ECLI:NL:CRVB:2014:3068
Centrale Raad van Beroep
- Hoger beroep
- J. Brand
- G. van Zeben-de Vries
- D.S. de Vries
- Rechtspraak.nl
Afwijzing verzoek tot kwijtschelding van studieschuld door de Minister van Onderwijs, Cultuur en Wetenschap
In deze zaak heeft de Centrale Raad van Beroep op 20 augustus 2014 uitspraak gedaan in hoger beroep tegen een eerdere uitspraak van de rechtbank Zeeland-West-Brabant. De appellant, die in het verleden studiefinanciering heeft ontvangen, verzocht de Minister van Onderwijs, Cultuur en Wetenschap om kwijtschelding van zijn studieschuld. Dit verzoek werd door de Minister afgewezen, wat leidde tot een bestreden besluit. De rechtbank verklaarde het beroep van de appellant tegen dit besluit ongegrond.
De appellant stelde dat zijn situatie zo ernstig en bijzonder was dat de Minister het verzoek om kwijtschelding had moeten honoreren. De Minister verwees naar een rapport van zijn medisch adviseur, waarin werd gesteld dat de situatie van de appellant niet onder de categorieën viel waarvoor kwijtschelding mogelijk was volgens het beleid van de Minister. De Raad oordeelde dat de door de Minister gehanteerde criteria voor kwijtschelding niet onredelijk waren en dat de appellant niet in een uitzonderlijke situatie verkeerde die een afwijking van het beleid rechtvaardigde.

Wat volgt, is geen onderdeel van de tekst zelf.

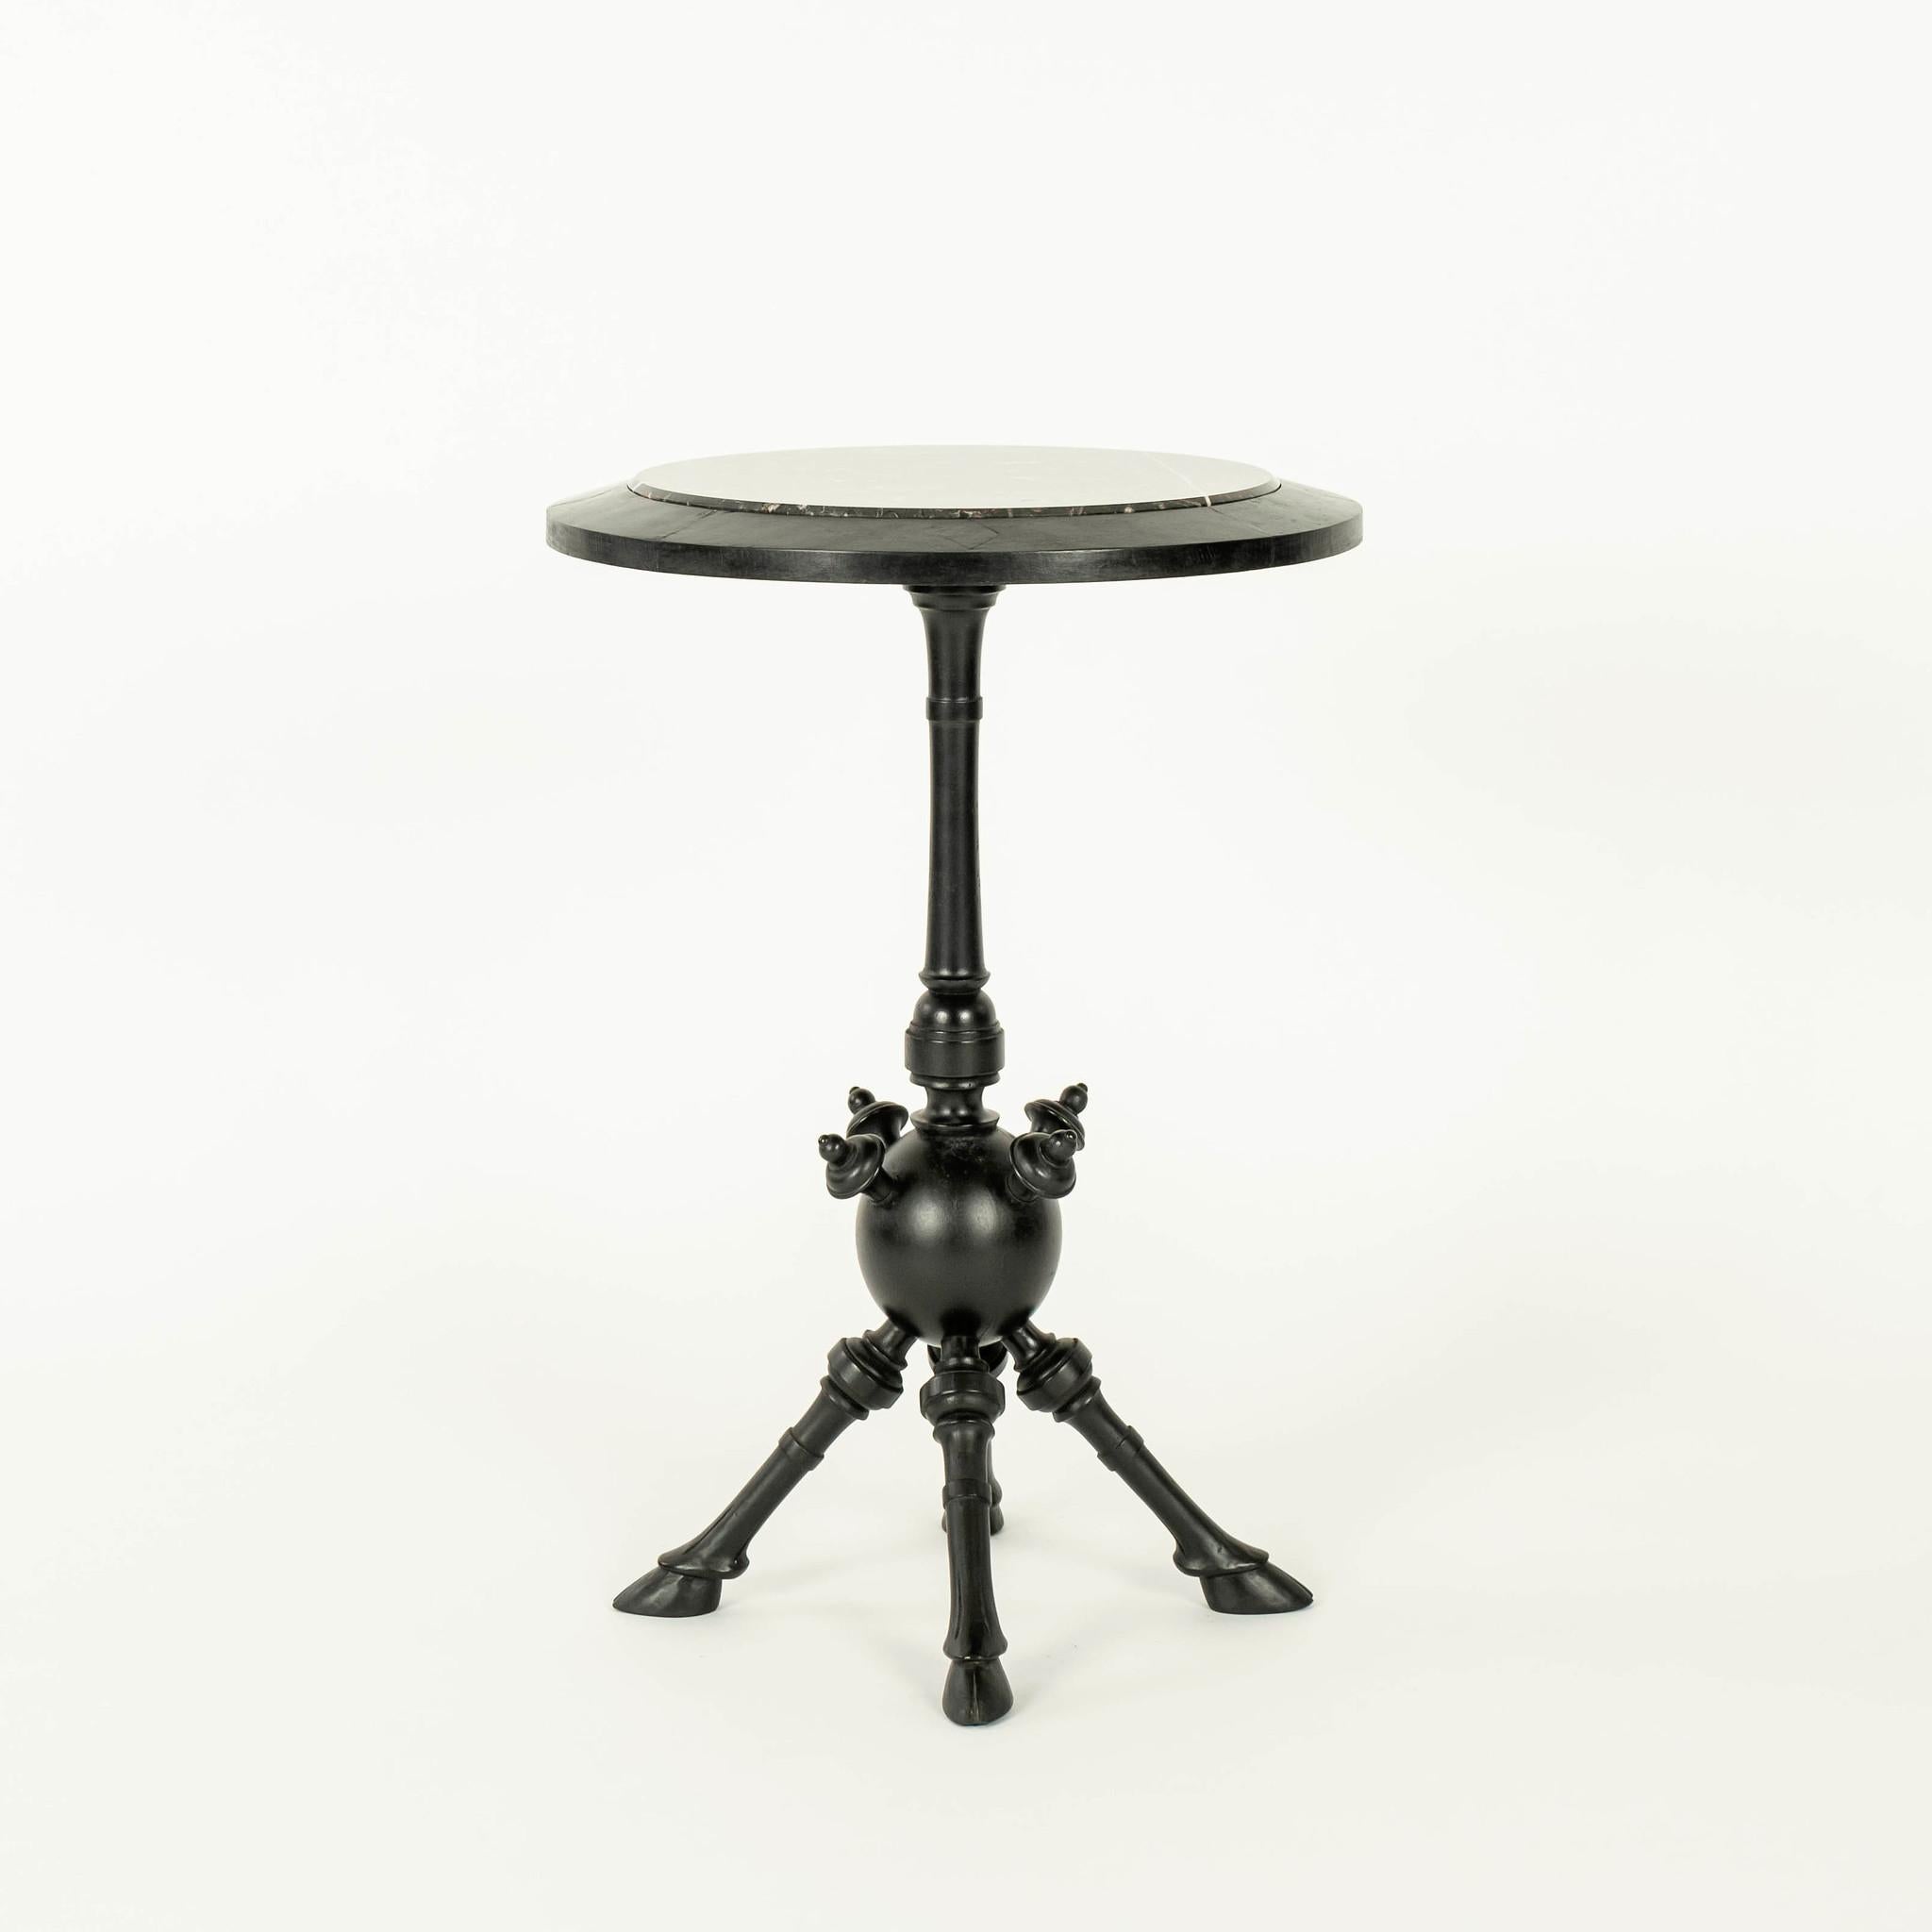 Einzigartiger Tisch im ästhetischen Stil, ebonisiert, mit schwarzer Marmorplatte und gedrechseltem, spindelförmigem Kugelsockel, der von vier handgeschnitzten, beschlagenen Beinen getragen wird.
 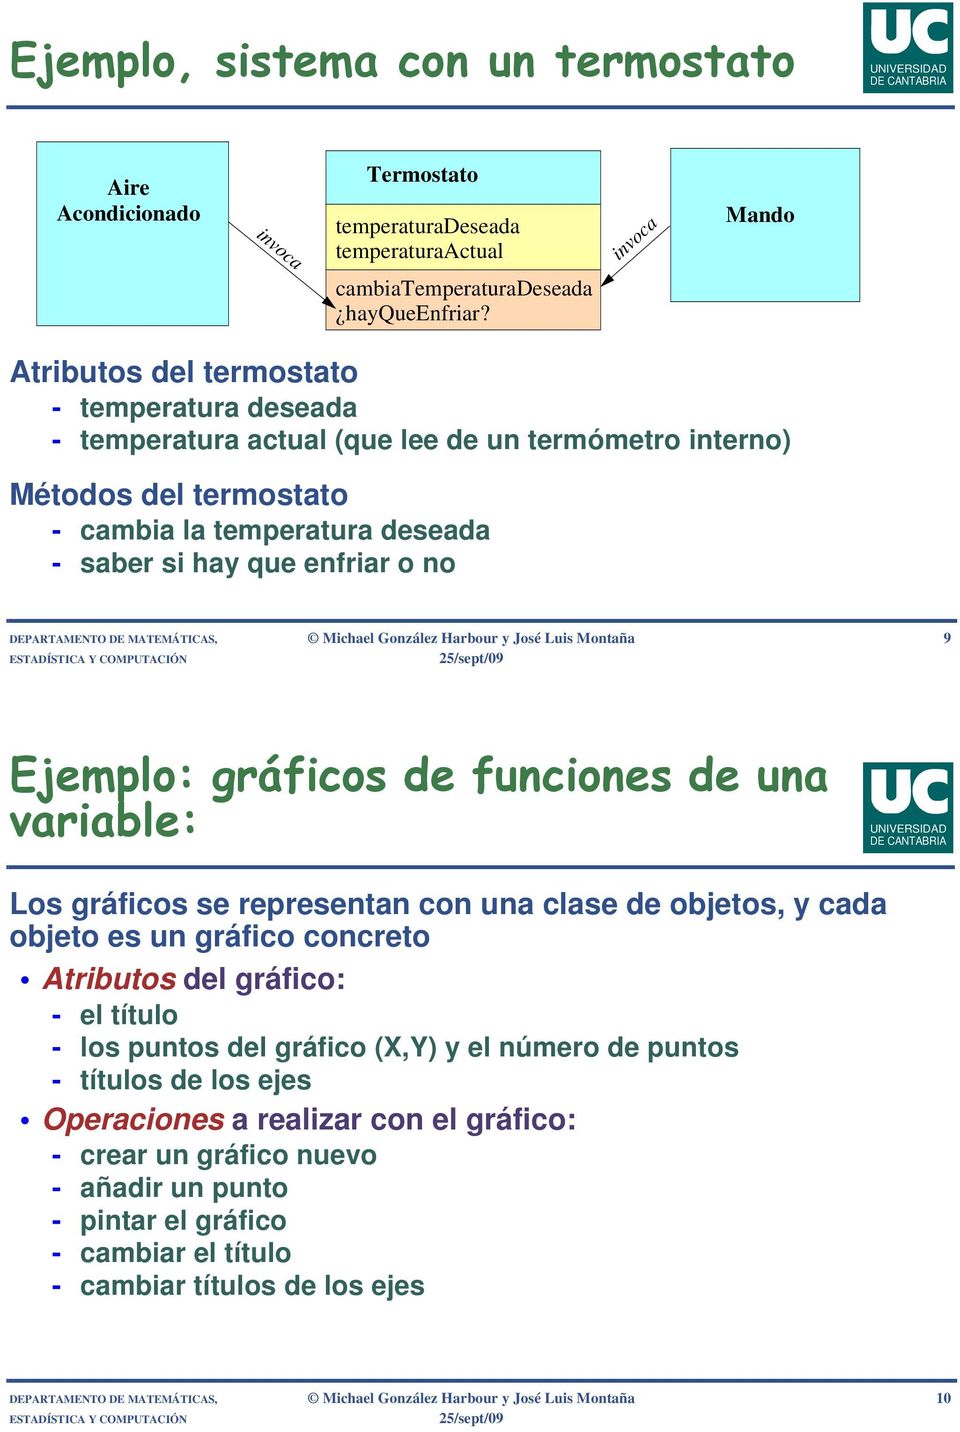 DEPARTAMENTO DE MATEMÁTICAS, Michael González Harbour y José Luis Montaña 9 Ejemplo: gráficos de funciones de una variable: Los gráficos se representan con una clase de objetos, y cada objeto es un

De Raad concludeerde dat de appellant niet in een situatie verkeerde die hem verhinderde om in de toekomst inkomen te verwerven, en dat de Minister terecht had geoordeeld dat de appellant niet in aanmerking kwam voor kwijtschelding. De uitspraak van de rechtbank werd bevestigd, en er werd geen proceskostenveroordeling opgelegd. De uitspraak werd gedaan door een meervoudige kamer, met J. Brand als voorzitter, en de leden G. van Zeben-de Vries en D.S. de Vries, in aanwezigheid van griffier J.R. van Ravenstein.